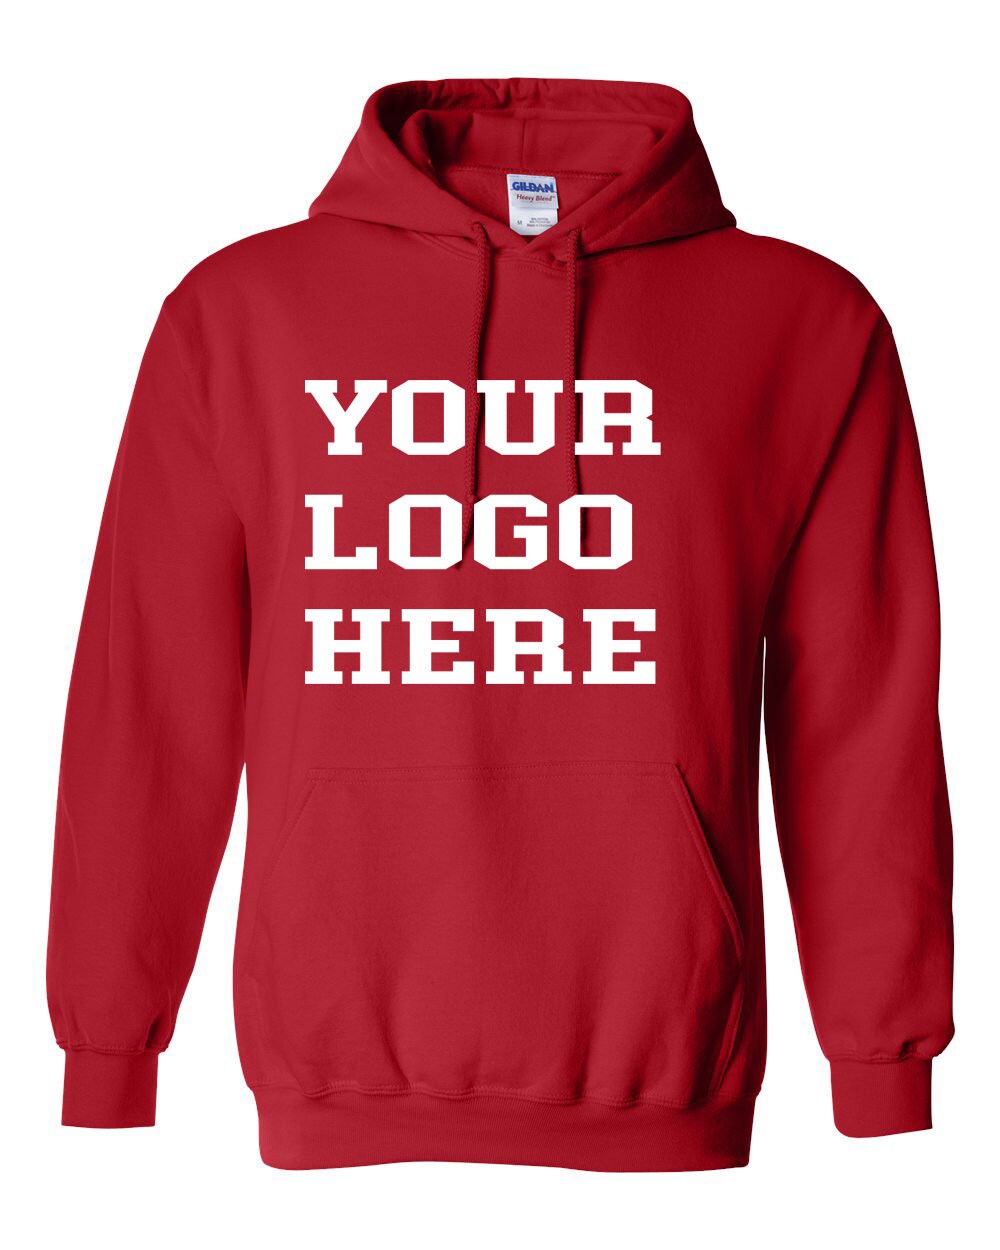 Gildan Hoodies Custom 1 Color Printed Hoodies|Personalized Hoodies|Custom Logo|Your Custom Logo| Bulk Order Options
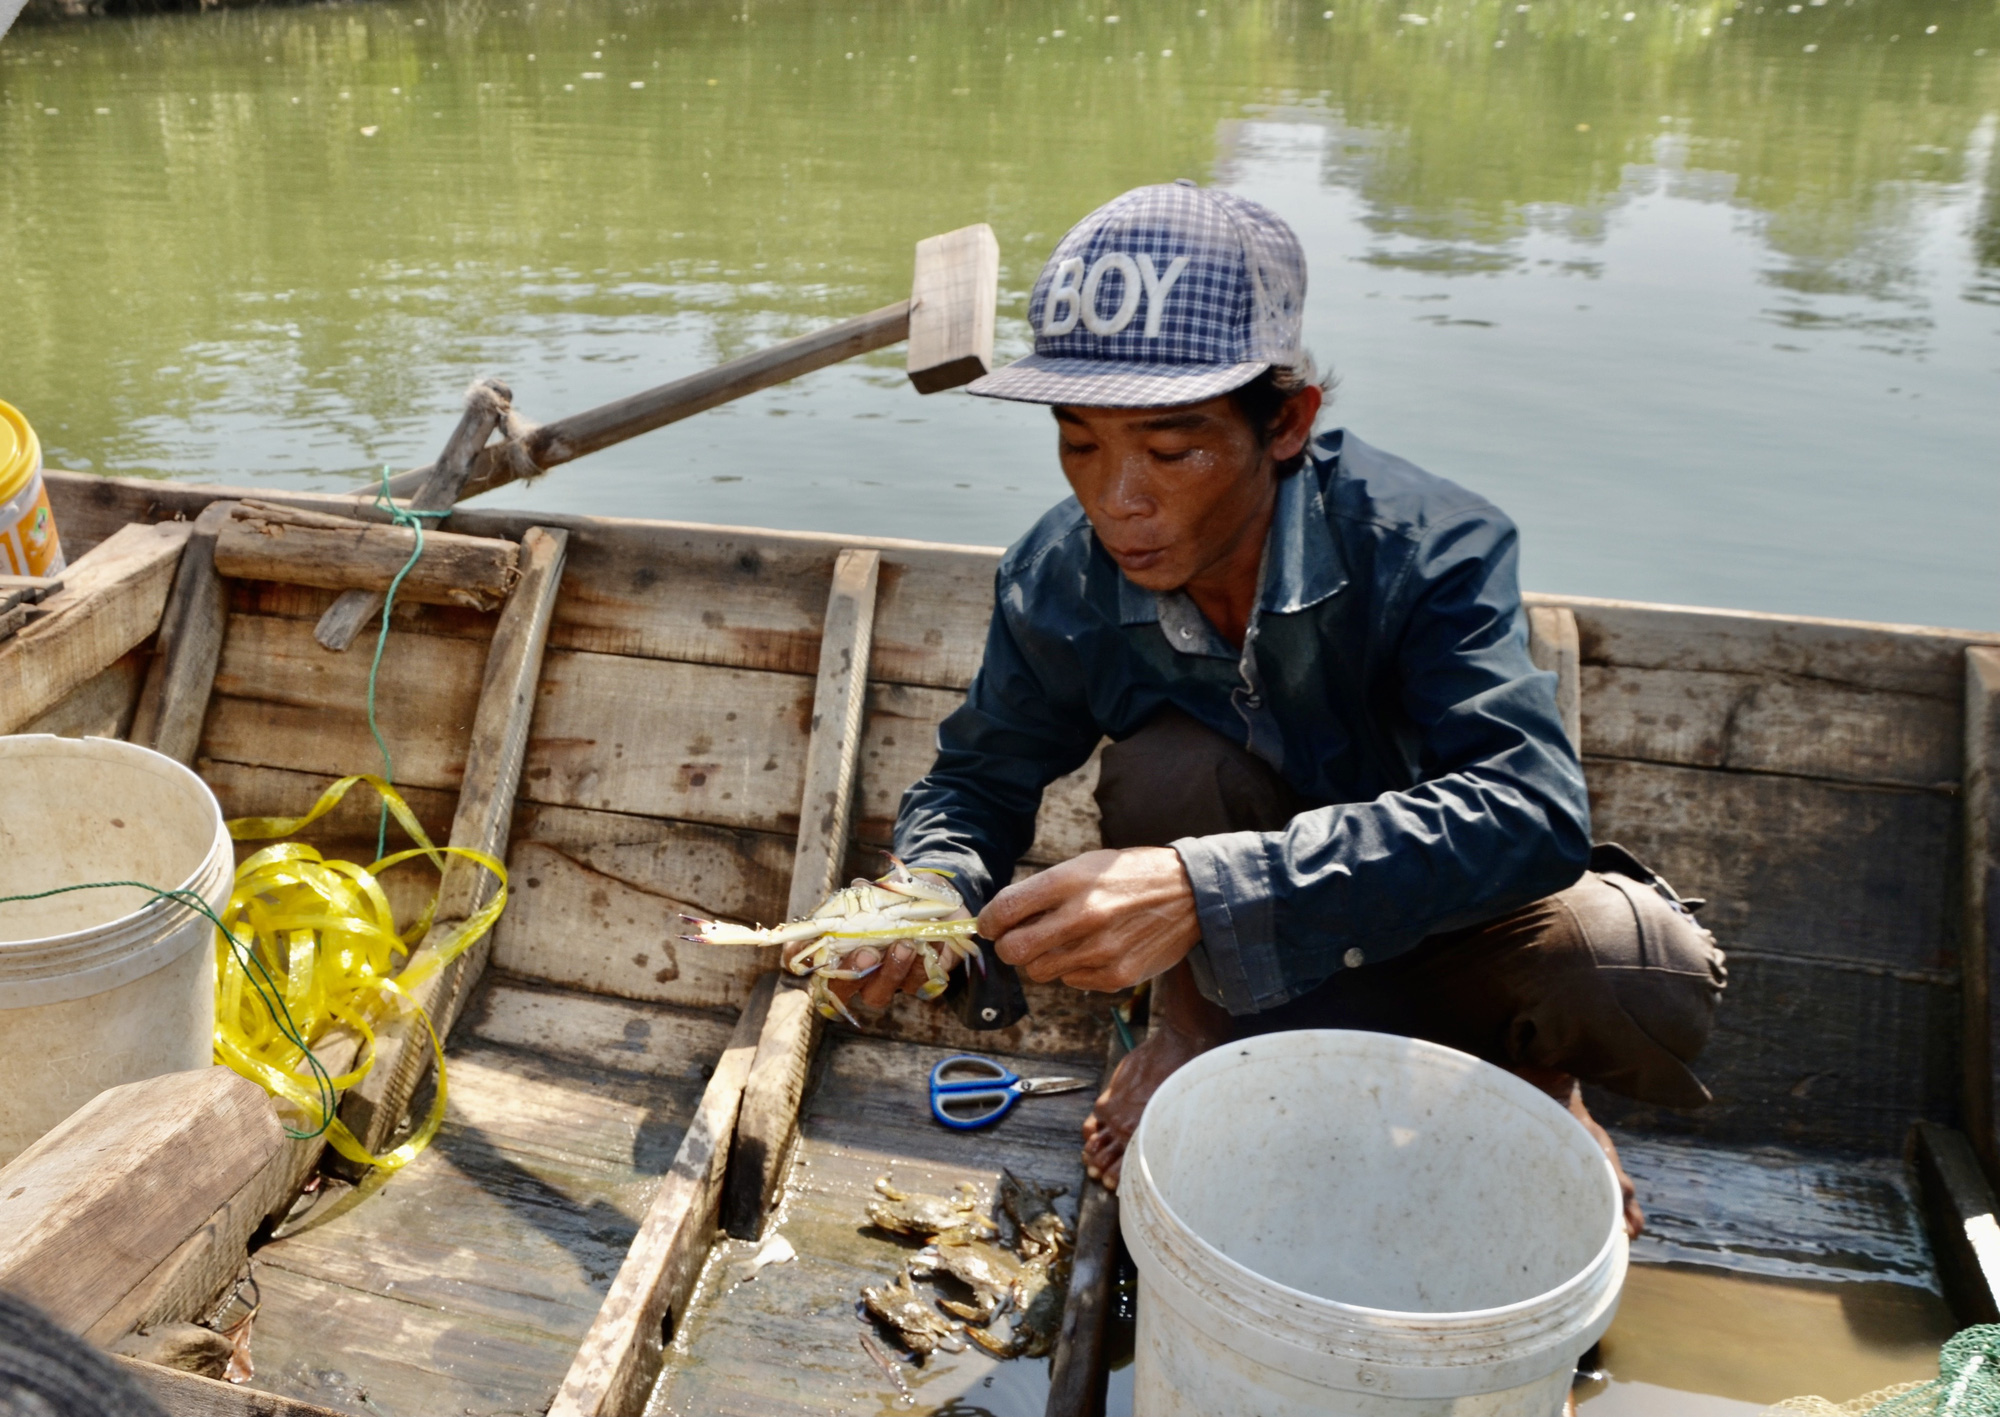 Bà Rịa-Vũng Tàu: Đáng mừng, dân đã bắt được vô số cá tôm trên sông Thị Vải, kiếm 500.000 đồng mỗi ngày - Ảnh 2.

...

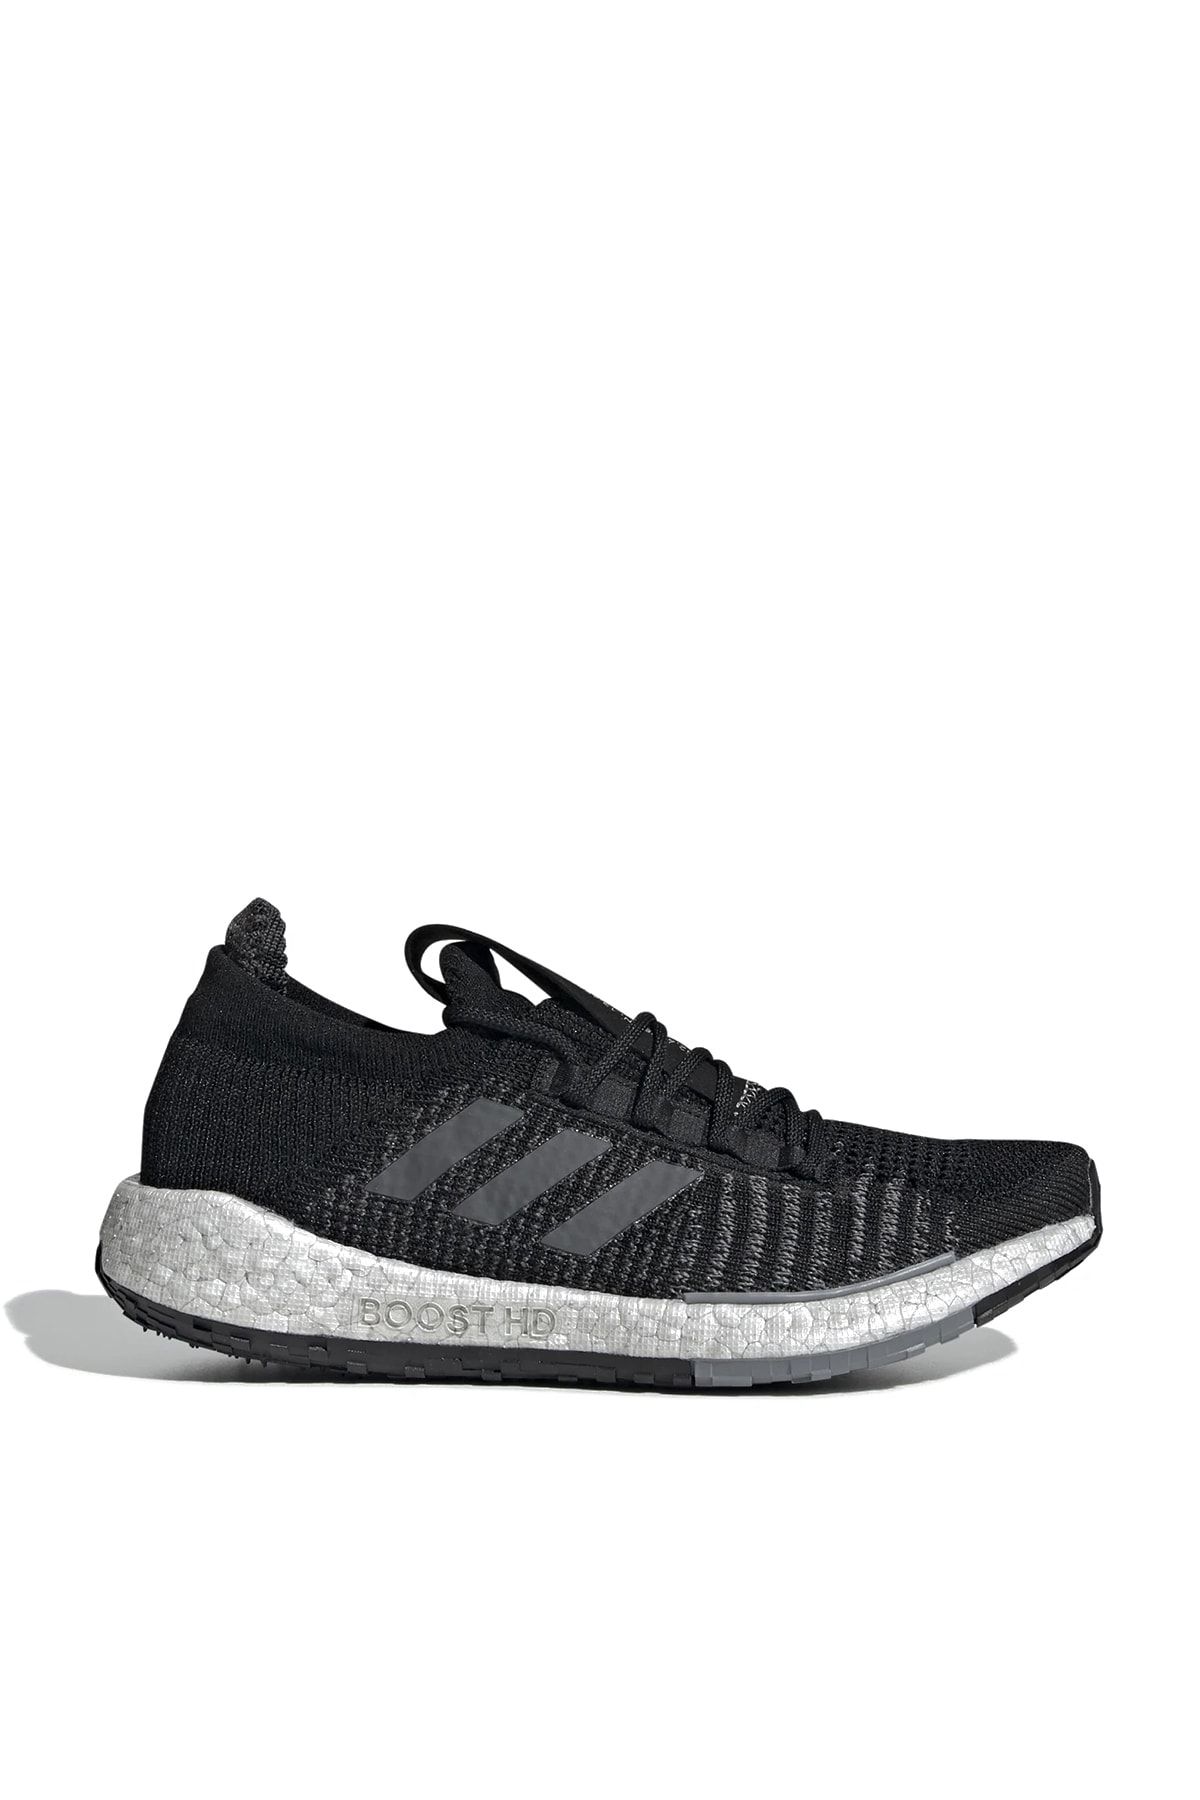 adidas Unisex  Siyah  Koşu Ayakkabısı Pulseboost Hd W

> _Brief_
Give again the lines of the listing above that run from the one with "Gildan Hoodies Custom" up to and including the one with "Bà Rịa-Vũng Tàu: Đáng". Keep them exact and omit the pictures.

> _Expected answer_
 Gildan Hoodies Custom 1 Color Printed Hoodies|Personalized Hoodies|Custom Logo|Your Custom Logo| Bulk Order Options
 Bà Rịa-Vũng Tàu: Đáng mừng, dân đã bắt được vô số cá tôm trên sông Thị Vải, kiếm 500.000 đồng mỗi ngày - Ảnh 2.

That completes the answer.